# [Records for the task]
• • • • •
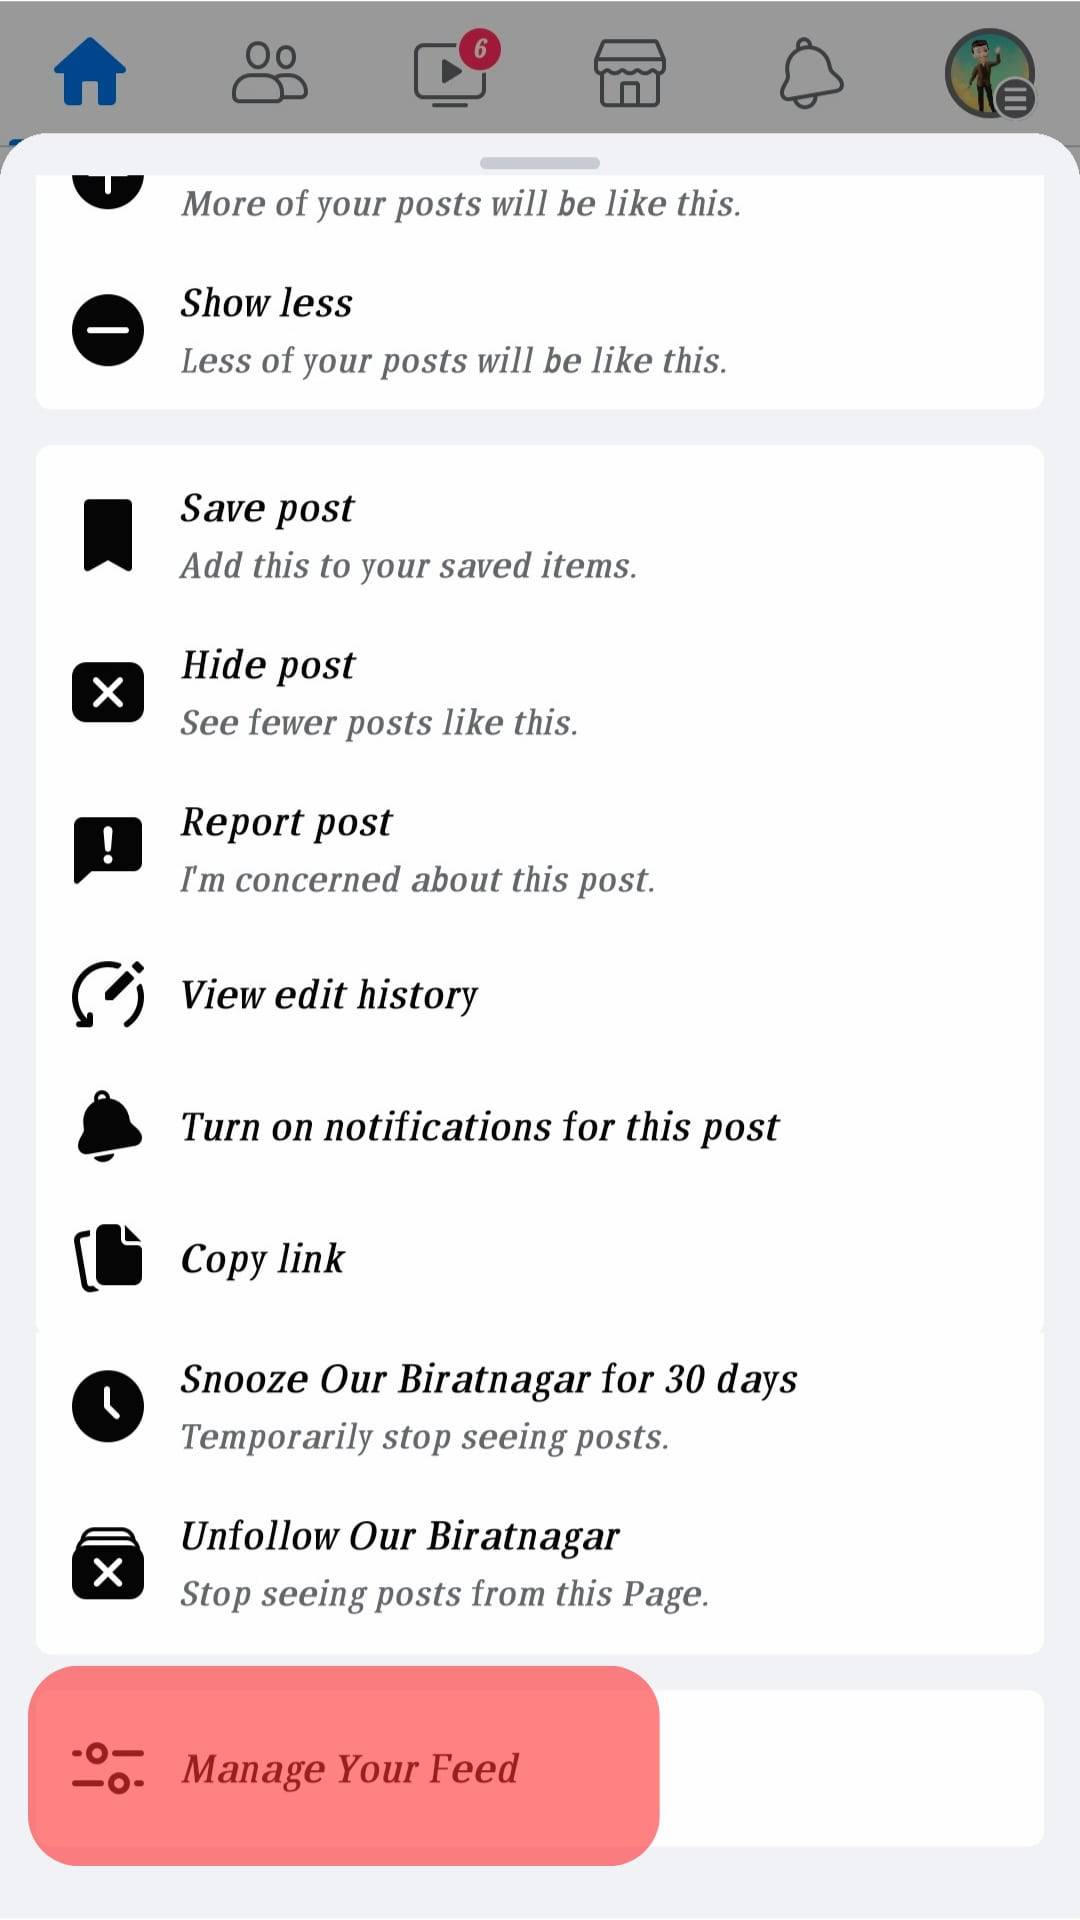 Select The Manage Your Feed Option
• • • • •
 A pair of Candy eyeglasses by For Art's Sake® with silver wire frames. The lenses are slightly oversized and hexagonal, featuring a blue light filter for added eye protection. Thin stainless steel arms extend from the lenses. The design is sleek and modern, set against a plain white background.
• • • • •
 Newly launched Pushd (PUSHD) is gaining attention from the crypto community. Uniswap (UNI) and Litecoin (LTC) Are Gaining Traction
• • • • •
# [What is required]
The answer must be every line of the records that holds the string "from".

# [Exercise response]
 A pair of Candy eyeglasses by For Art's Sake® with silver wire frames. The lenses are slightly oversized and hexagonal, featuring a blue light filter for added eye protection. Thin stainless steel arms extend from the lenses. The design is sleek and modern, set against a plain white background.
 Newly launched Pushd (PUSHD) is gaining attention from the crypto community. Uniswap (UNI) and Litecoin (LTC) Are Gaining Traction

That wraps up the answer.